🤖 AI Summary
Speech separation faces high memory consumption and latency in long-sequence modeling due to the quadratic complexity of standard Transformers. To address this, we propose Focused Linear Attention (FLA), a linear-complexity attention mechanism integrated into a novel Transformer architecture—FLA-SepReformer—which combines gated mechanisms with focused linear attention to preserve global modeling capability while achieving substantial computational efficiency gains. Our design unifies the block-wise modeling strategy of SepReformer and the local-global synergy principle of TF-Locaformer. Experiments on multiple benchmark datasets demonstrate state-of-the-art (SOTA) separation performance. Moreover, FLA-SepReformer achieves 1.49–2.29× faster inference speed and reduces GPU memory usage by up to 68.1% (with a minimum reduction to 31.9% of the original memory footprint), significantly advancing the practical deployment of long-duration speech separation systems.
📝 Abstract
Speech separation always faces the challenge of handling prolonged time sequences.

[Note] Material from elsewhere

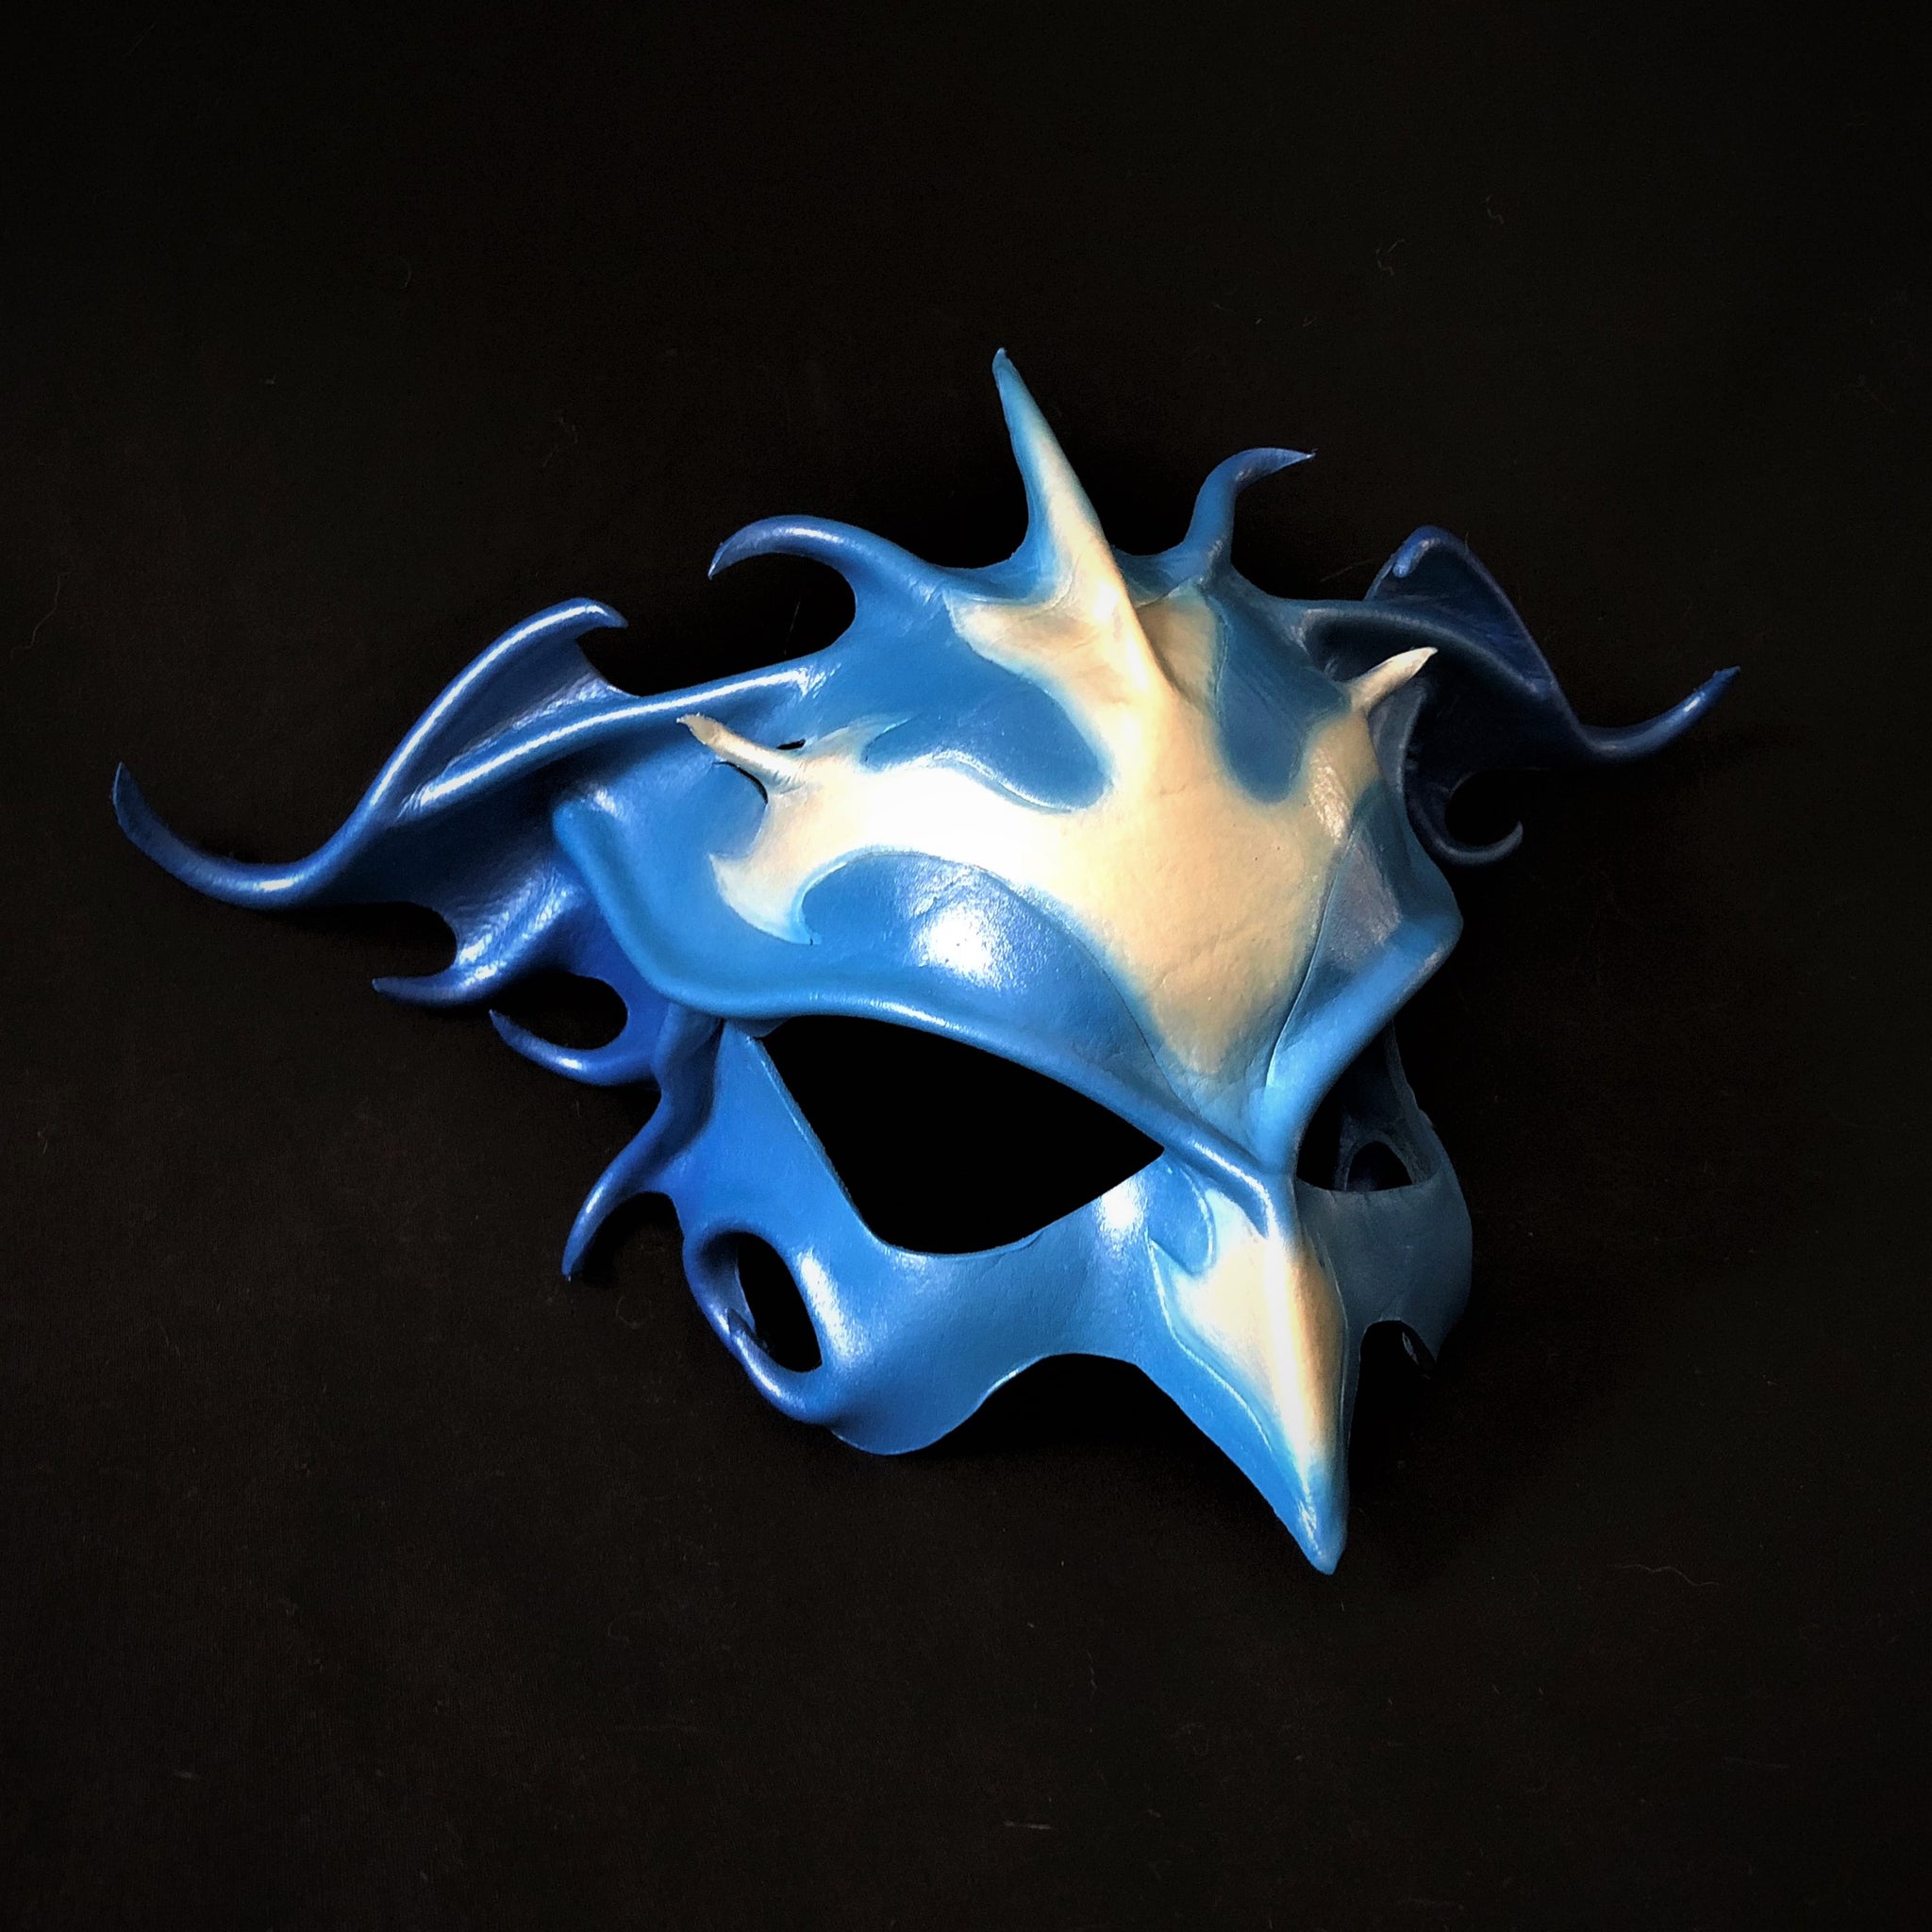 New Ram Masquerade Masks Burning Man Face Mask USA Free Shipping
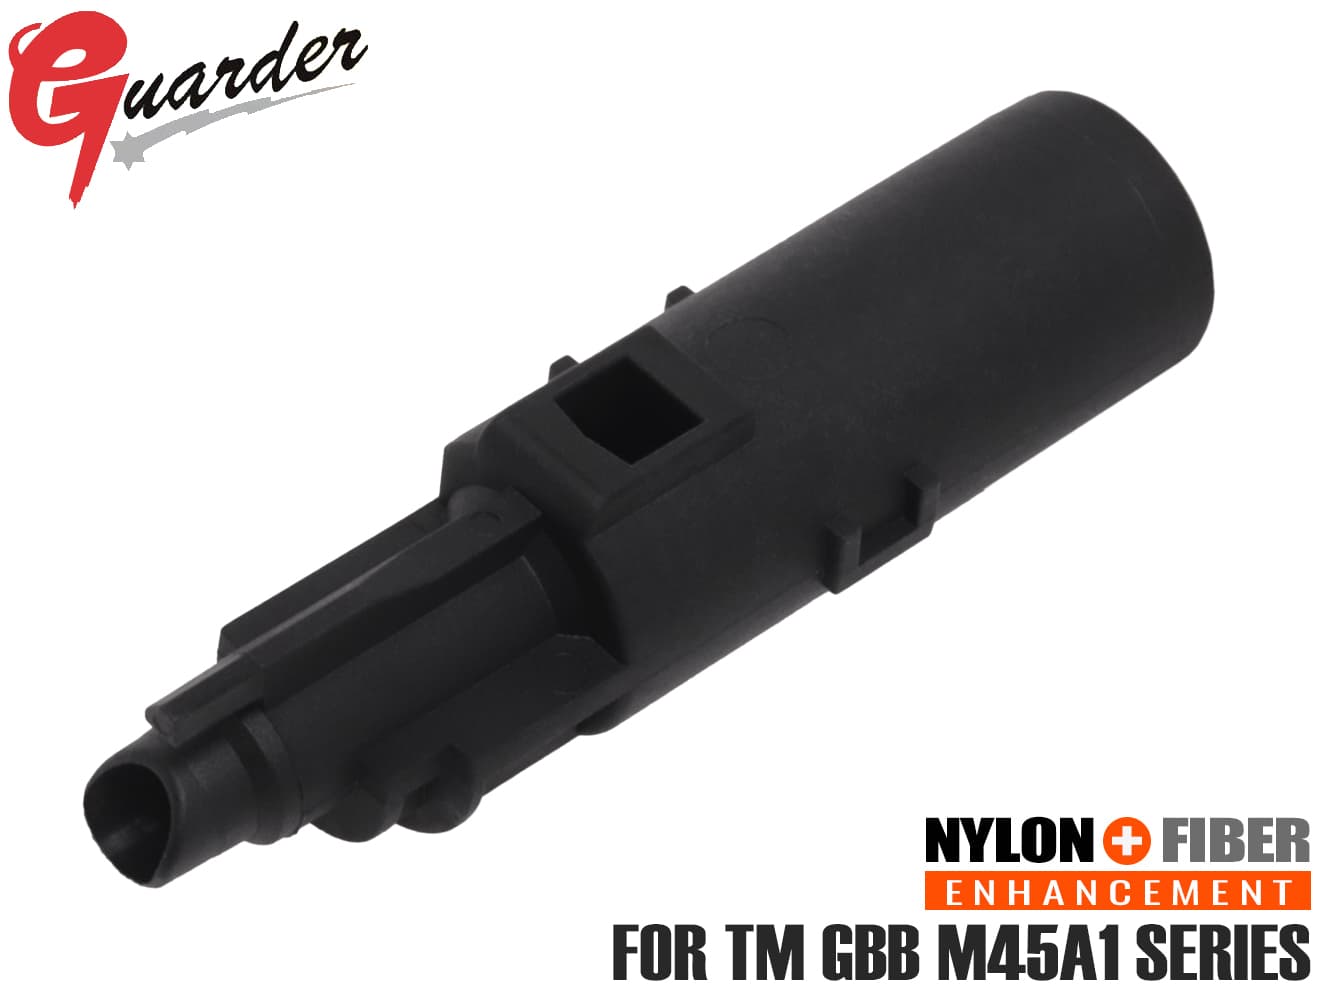 M45A1-13■GUARDER ナイロン+ファイバー 強化ローディングノズル for マルイ M45A1◆弾性に優れた素材 強度 硬度 弾性 耐衝撃性 割れにくい リペア 破損対策

Past methods try to reduce sequence lengths and use the Transformer to capture global information. However, due to the quadratic time complexity of the attention module, memory usage and inference time still increase significantly with longer segments. To tackle this, we introduce Focused Linear Attention and build FLASepformer with linear complexity for efficient speech separation. Inspired by SepReformer and TF-Locoformer, we have two variants: FLA-SepReformer and FLA-TFLocoformer. We also add a new Gated module to improve performance further. Experimental results on various datasets show that FLASepformer matches state-of-the-art performance with less memory consumption and faster inference. FLA-SepReformer-T/B/L increases speed by 2.29x, 1.91x, and 1.49x, with 15.8%, 20.9%, and 31.9% GPU memory usage, proving our model's effectiveness.